You can not remove the aluminum 'housing' that the seal is pushed into unless the pan is removed. So if you leave the pan installed, you have to install the seal with the crank sticking through it, and the housing rigidly fixed. If you've never done a 1-piece rear main seal on anything this way, it is sort of easy to mess up the new seal upon installation. There are two special tools to facilitate a 'no damage' installation, but almost no one has or uses them. You have to be careful that you don't 'tear' the seal lip on the end of the crank as you push it onto the crank and into the housing, which occurs almost simultaneously. Sort of fussy. Particularly for a first-timer.
When I replace the seal during an engine overhaul, I use my bench vice to 'press' the new seal into the housing. I don't use a hammer. When installing the housing with seal already installed, it is possible to wiggle the seal over the crank, push the housing onto its dowels, and install the bolts. Not fussy at all, almost no opportunity to damage the seal lip.
If you have any signs of leaks at the oil pan gasket, I encourage you to replace the pan gasket at the same time and do the rear main seal as per the second paragraph.
No one has asked this question, so I will: If you're chasing an oil leak, what has led to the conclusion that it is the "rear main seal"? Many items can leak and look like its coming from the main seal. Valve covers, oil filter/oil cooler, oil pan gasket (corners), oil pressure switch(s), China wall on the intake manifold. The 1-piece rear main seals almost never leak. Vikingtrad3r had an episode with rear seals, he's been in this thread, perhaps he'll elaborate. It had to do with the type of material and the manufacturer of the new seal. He had to do the job over. I don't recall the details.
You can not remove the aluminum 'housing' that the seal is pushed into unless the pan is removed. So if you leave the pan installed, you have to install the seal with the crank sticking through it, and the housing rigidly fixed. If you've never done a 1-piece rear main seal on anything this way, it is sort of easy to mess up the new seal upon installation. There are two special tools to facilitate a 'no damage' installation, but almost no one has or uses them. You have to be careful that you don't 'tear' the seal lip on the end of the crank as you push it onto the crank and into the housing, which occurs almost simultaneously. Sort of fussy. Particularly for a first-timer.
When I replace the seal during an engine overhaul, I use my bench vice to 'press' the new seal into the housing.
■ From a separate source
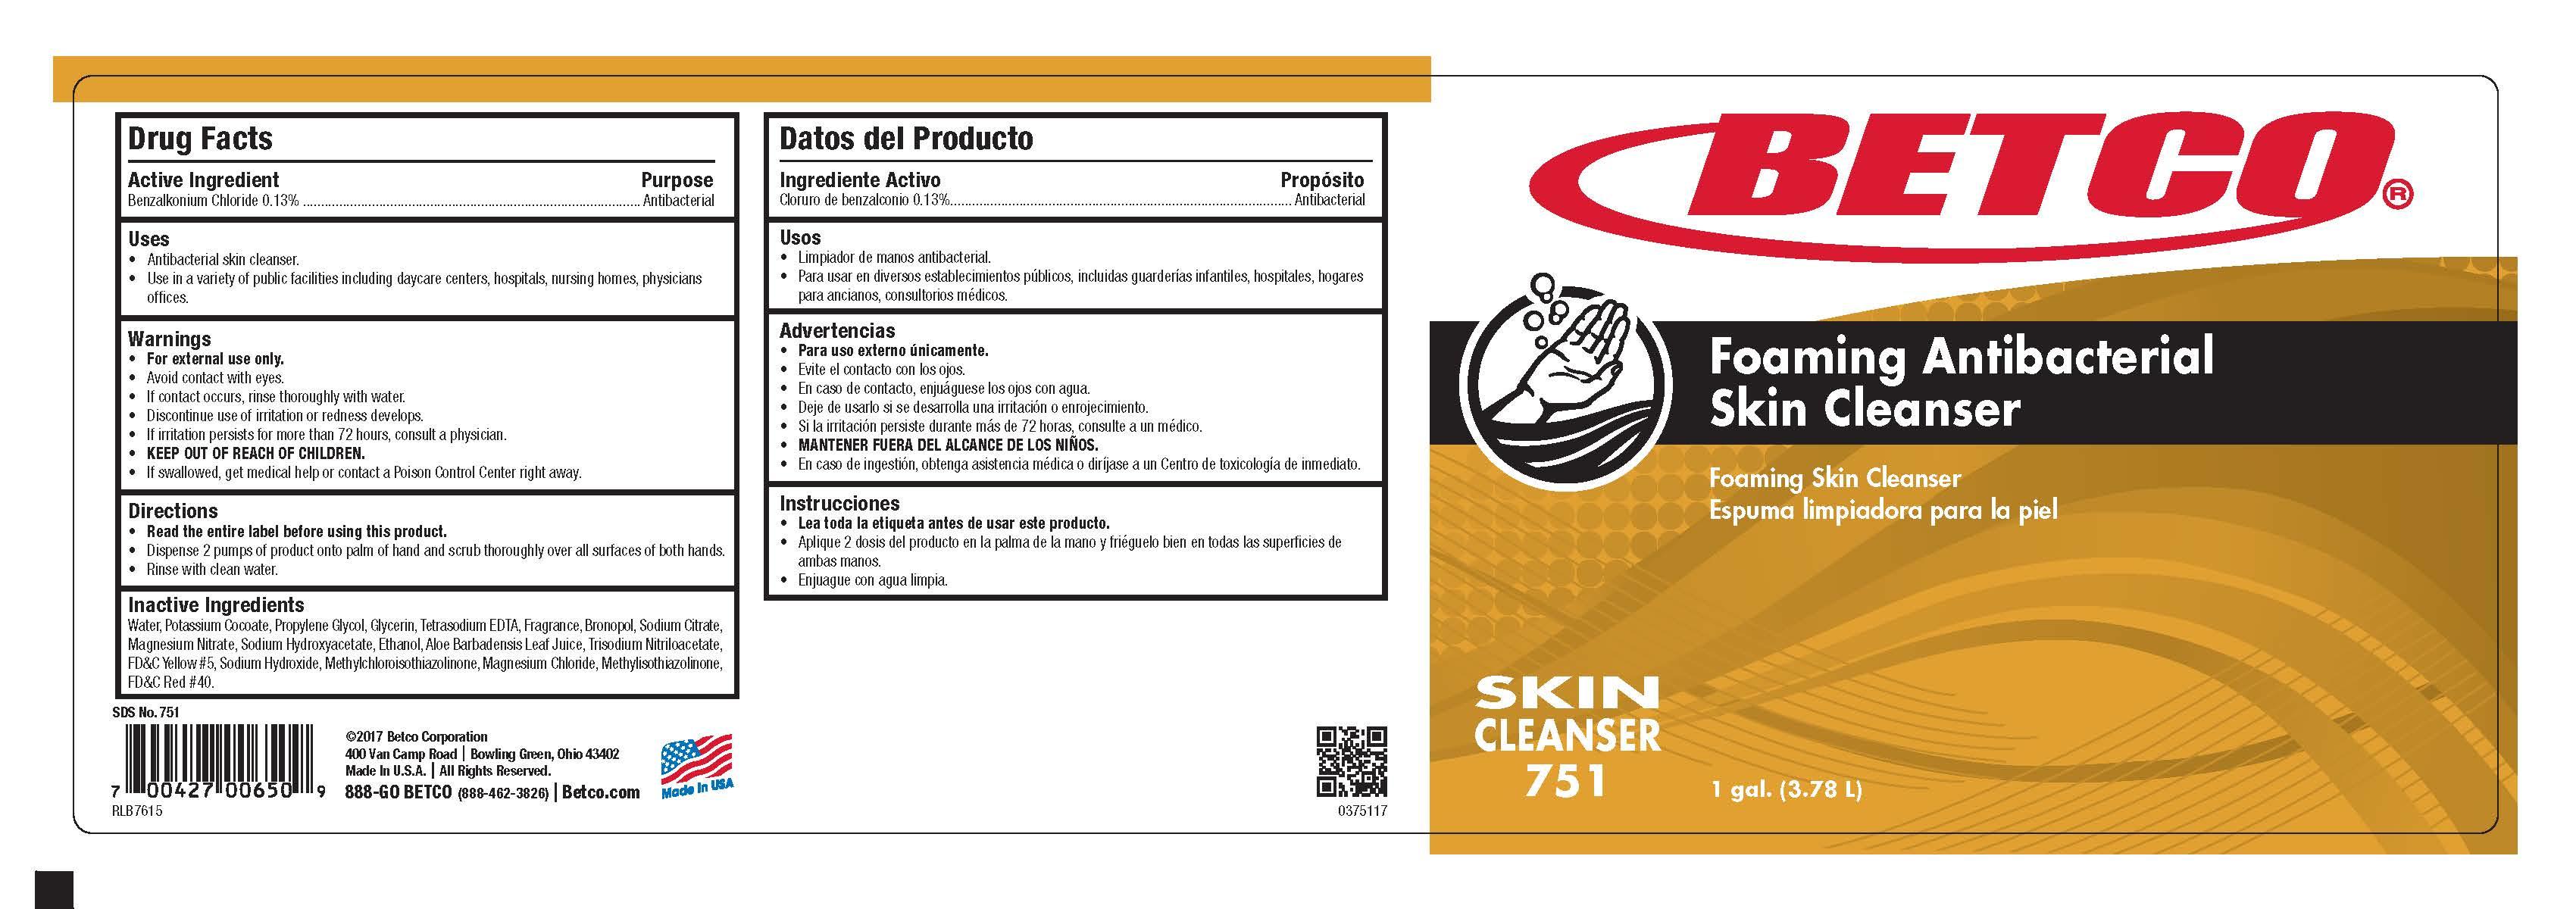 75104-00 Foaming Antibacterial.jpg

I don't use a hammer. When installing the housing with seal already installed, it is possible to wiggle the seal over the crank, push the housing onto its dowels, and install the bolts. Not fussy at all, almost no opportunity to damage the seal lip.
If you have any signs of leaks at the oil pan gasket, I encourage you to replace the pan gasket at the same time and do the rear main seal as per the second paragraph.
No one has asked this question, so I will: If you're chasing an oil leak, what has led to the conclusion that it is the "rear main seal"? Many items can leak and look like its coming from the main seal. Valve covers, oil filter/oil cooler, oil pan gasket (corners), oil pressure switch(s), China wall on the intake manifold. The 1-piece rear main seals almost never leak. Vikingtrad3r had an episode with rear seals, he's been in this thread, perhaps he'll elaborate. It had to do with the type of material and the manufacturer of the new seal. He had to do the job over. I don't recall the details.
I have done many rear main seals before just not with these engines. I don’t believe I actually have a leak from the seal, I am replacing the transmission and know it is a good time to do that as well. That being said, I would still rather take the aluminum housing off with the seal and replace the gaskets behind that at the same time. I will probably buy the oil pan gasket and see how I'm doing on time when I get there as I will be using somebody else’s garage and trying to get it done in a day.